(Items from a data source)

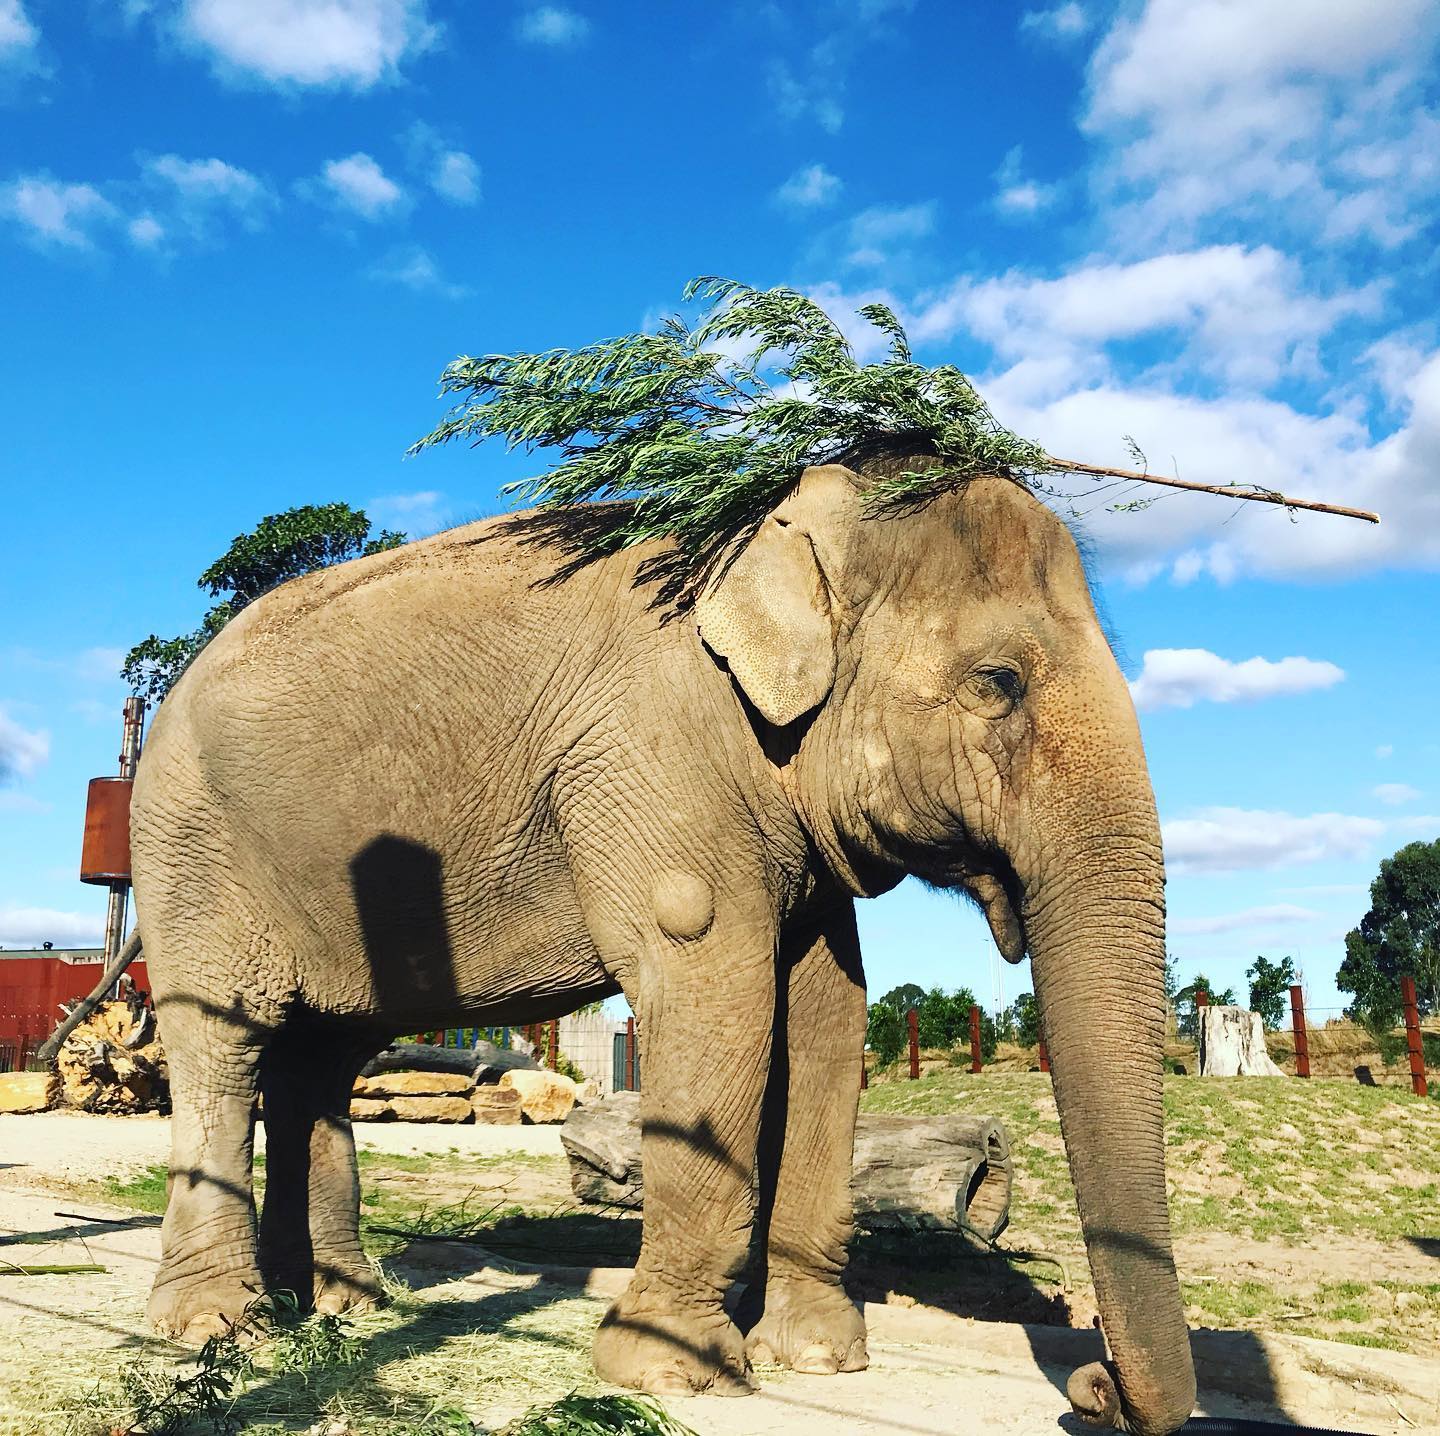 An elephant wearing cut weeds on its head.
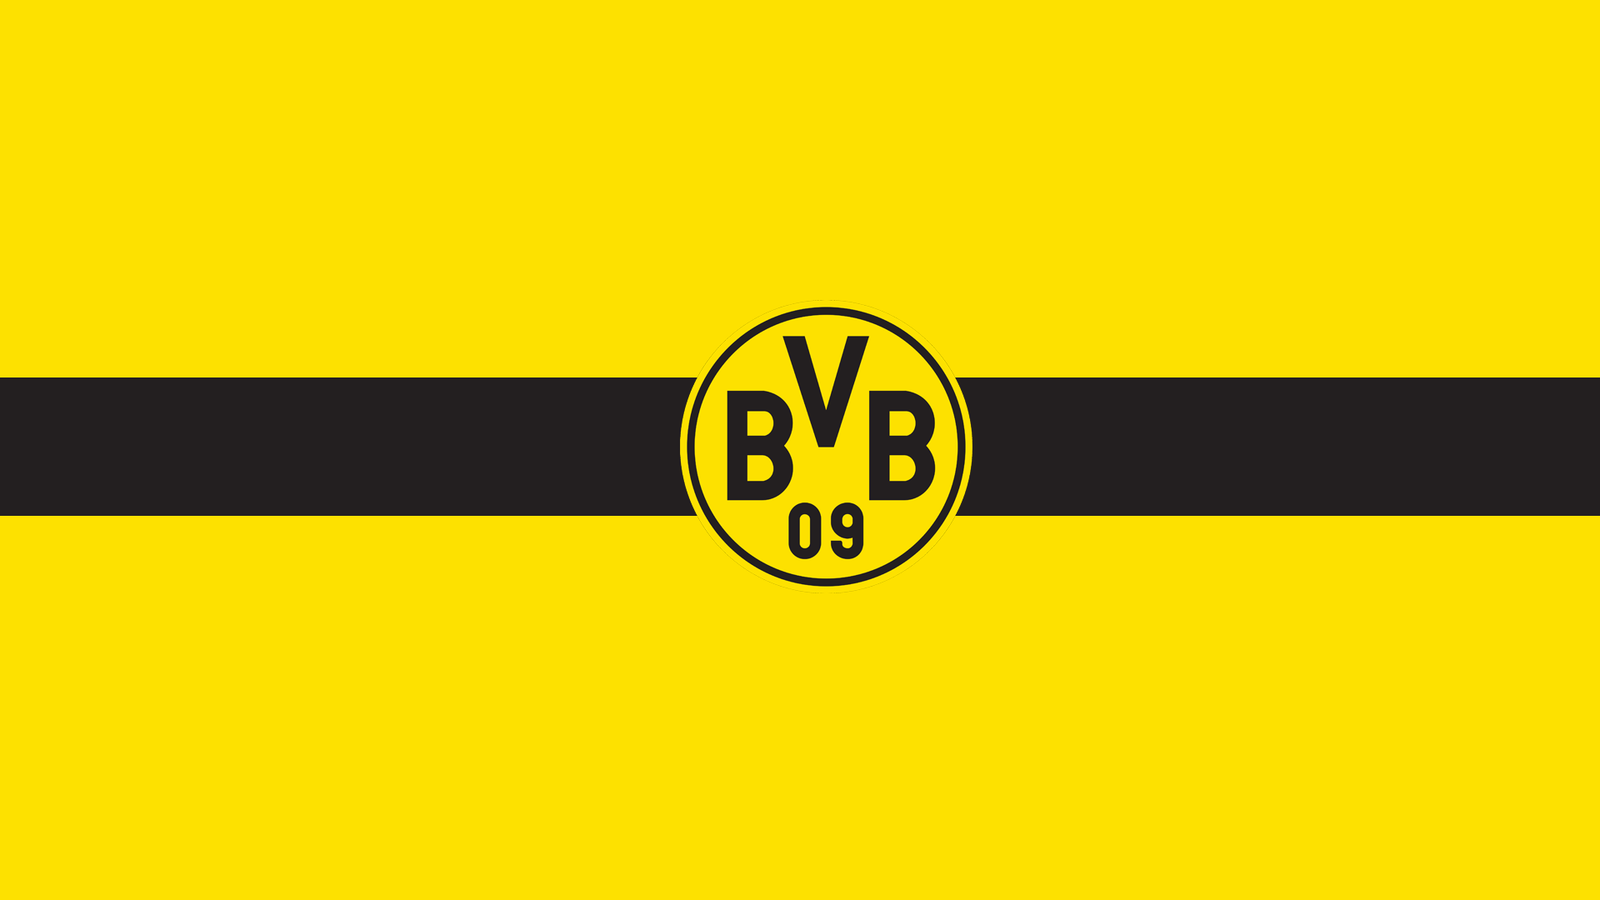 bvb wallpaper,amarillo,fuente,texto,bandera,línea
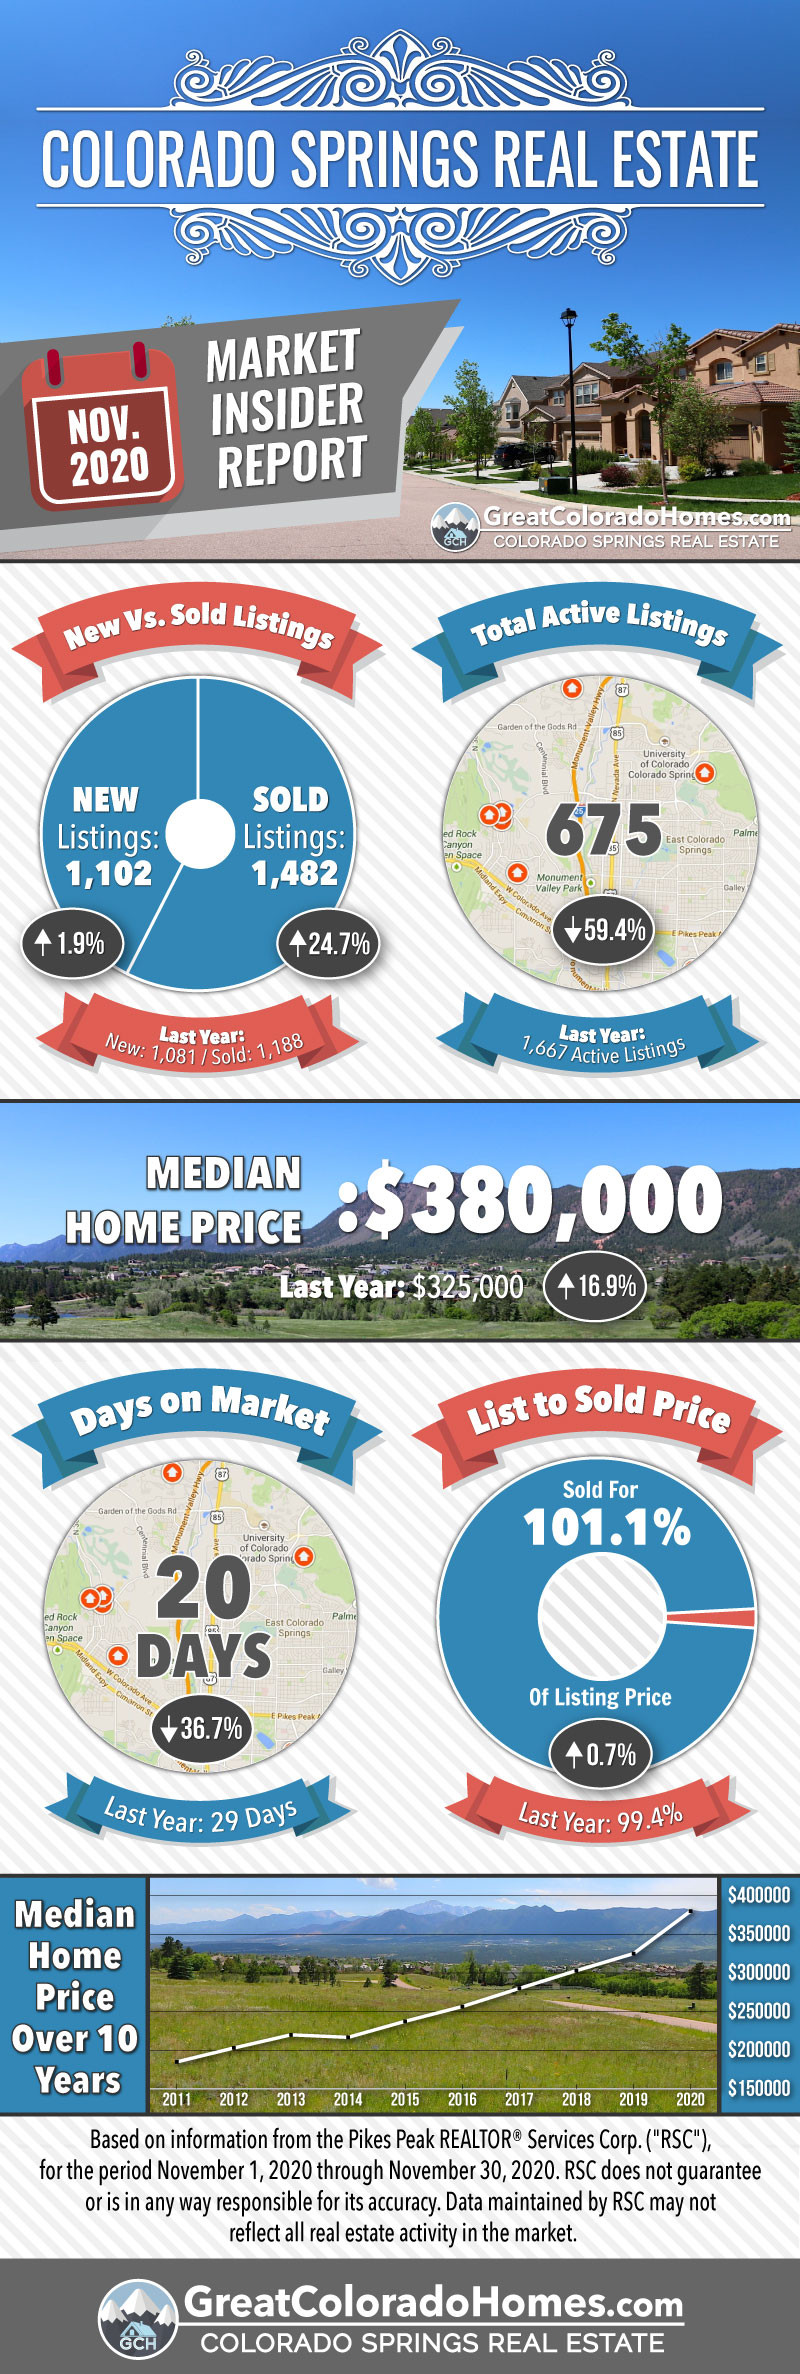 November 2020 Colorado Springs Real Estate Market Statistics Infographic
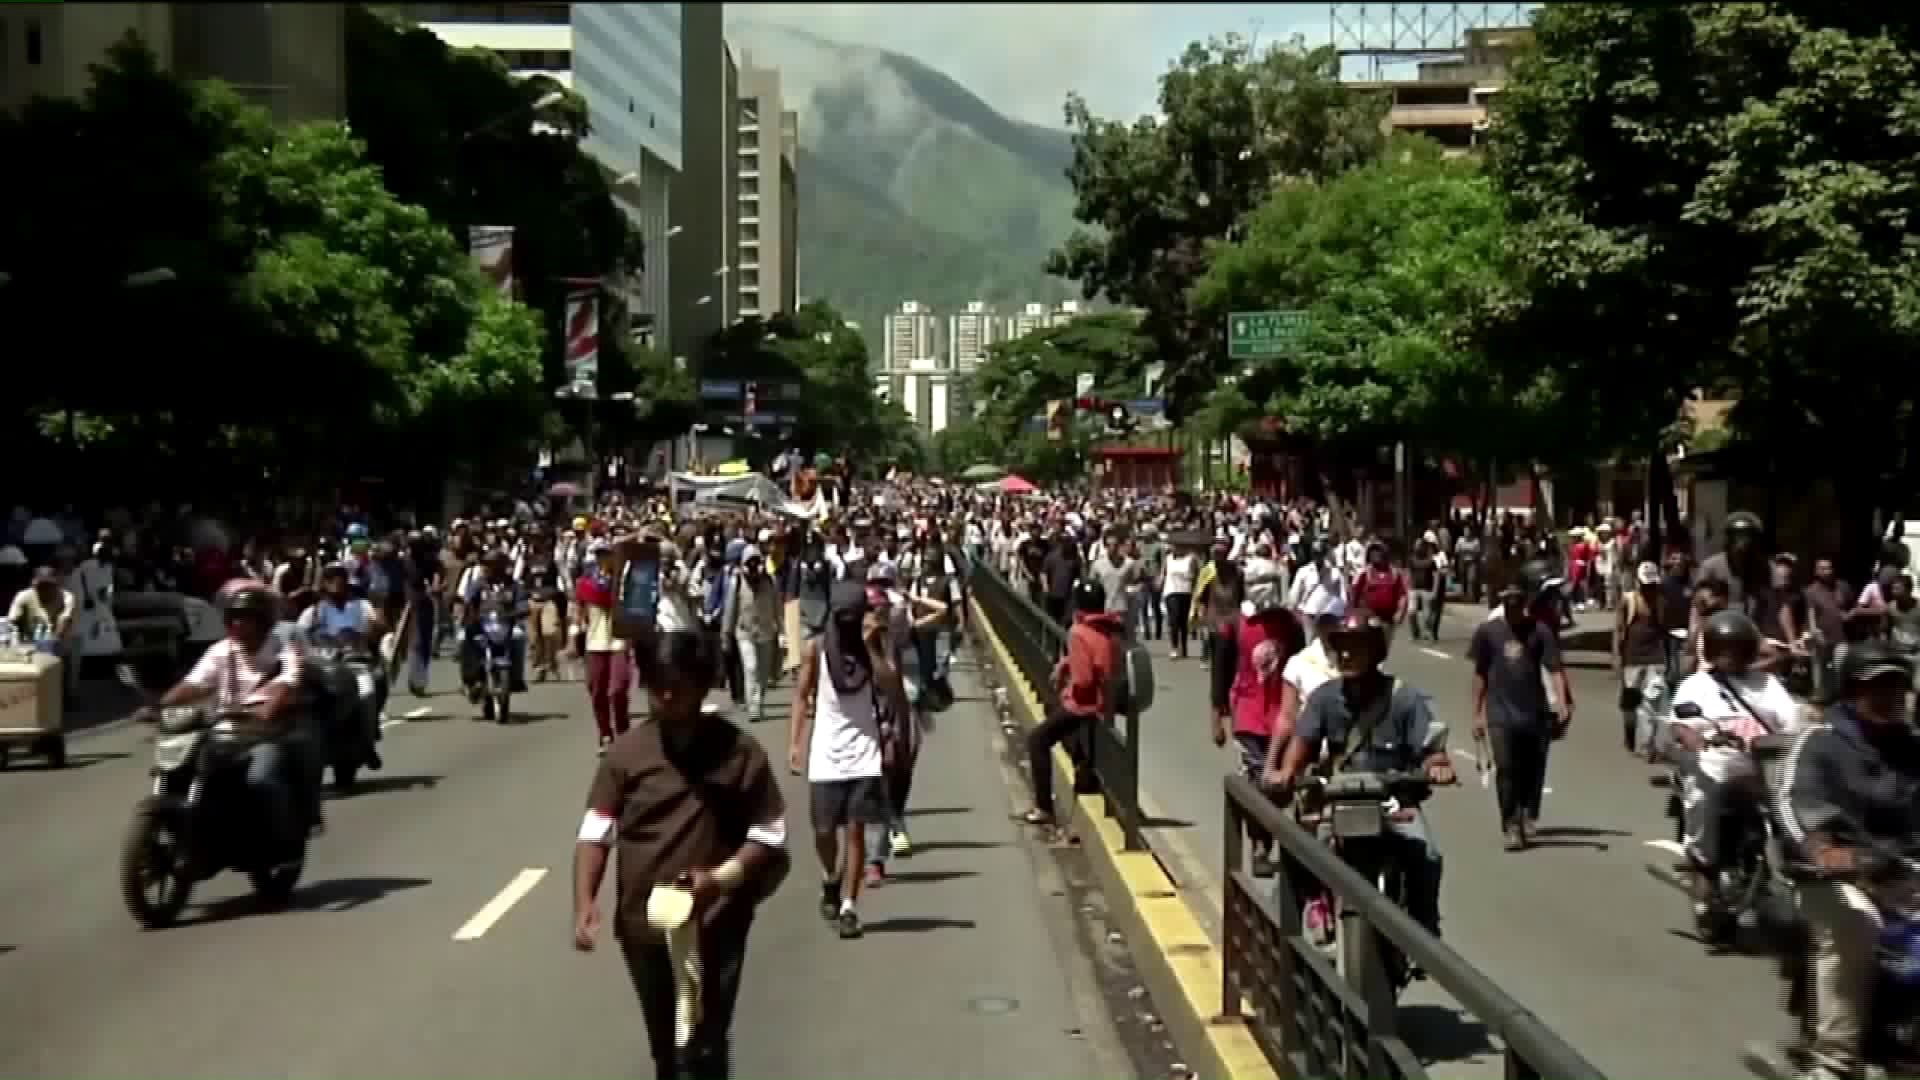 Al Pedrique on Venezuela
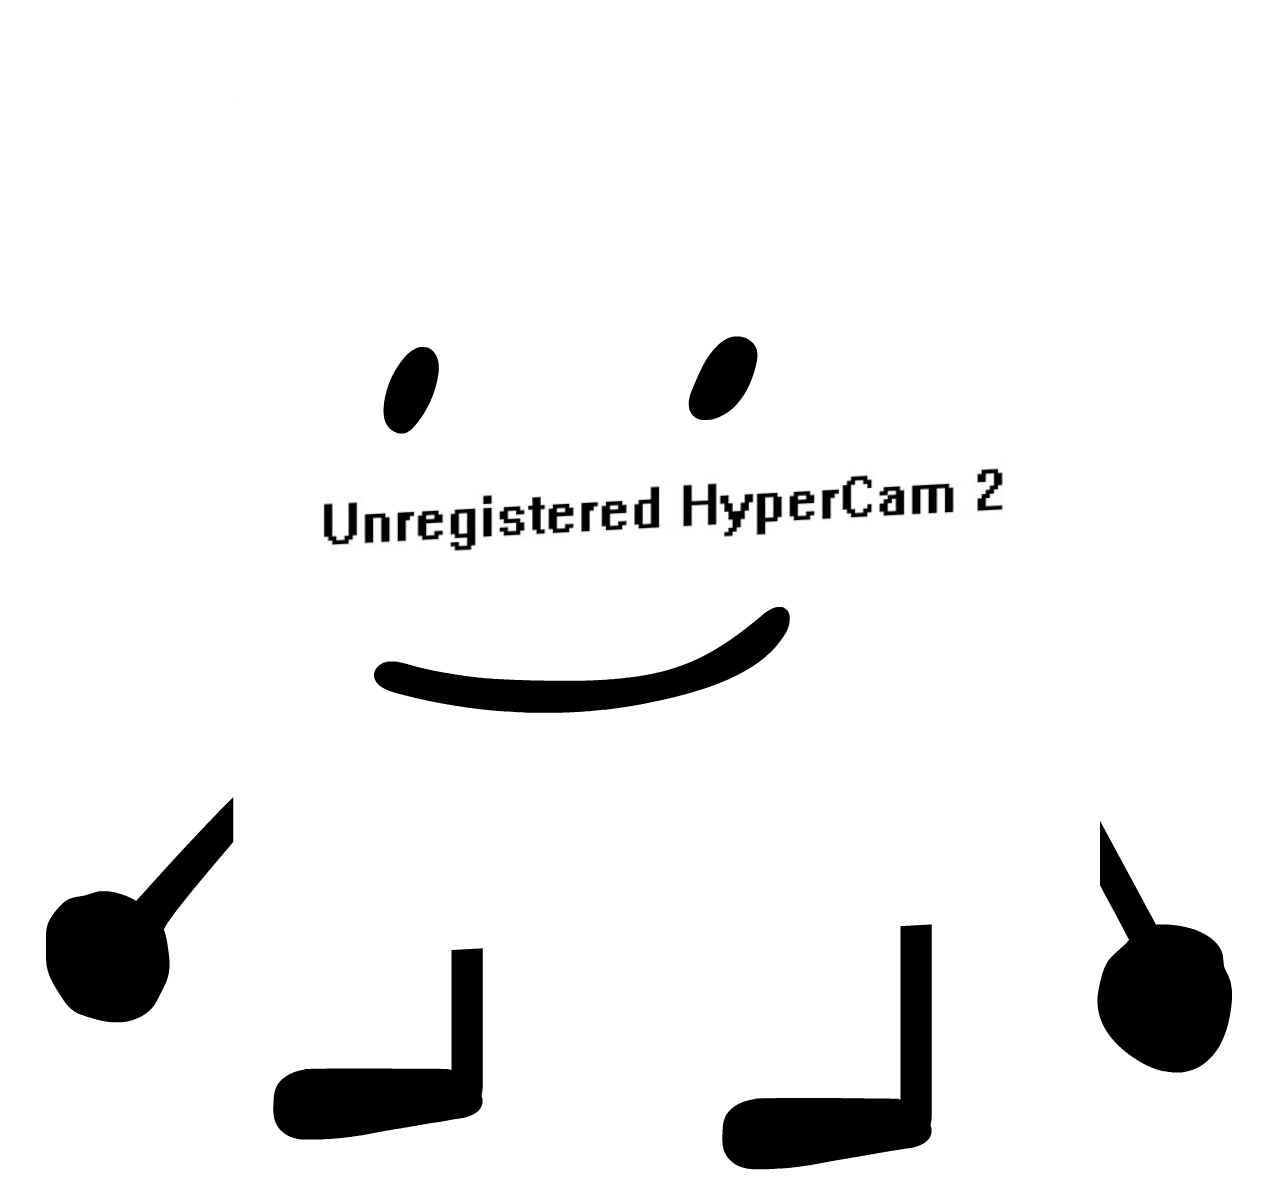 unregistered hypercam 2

## Exercise brief
Nothing but the lines from the line containing "bvb wallpaper,amaril" to the end of the records above should be repeated, exactly and with every picture omitted.

## Result of the exercise
 bvb wallpaper,amarillo,fuente,texto,bandera,línea
 November 2020 Colorado Springs Real Estate Market Statistics Infographic
 Al Pedrique on Venezuela
 unregistered hypercam 2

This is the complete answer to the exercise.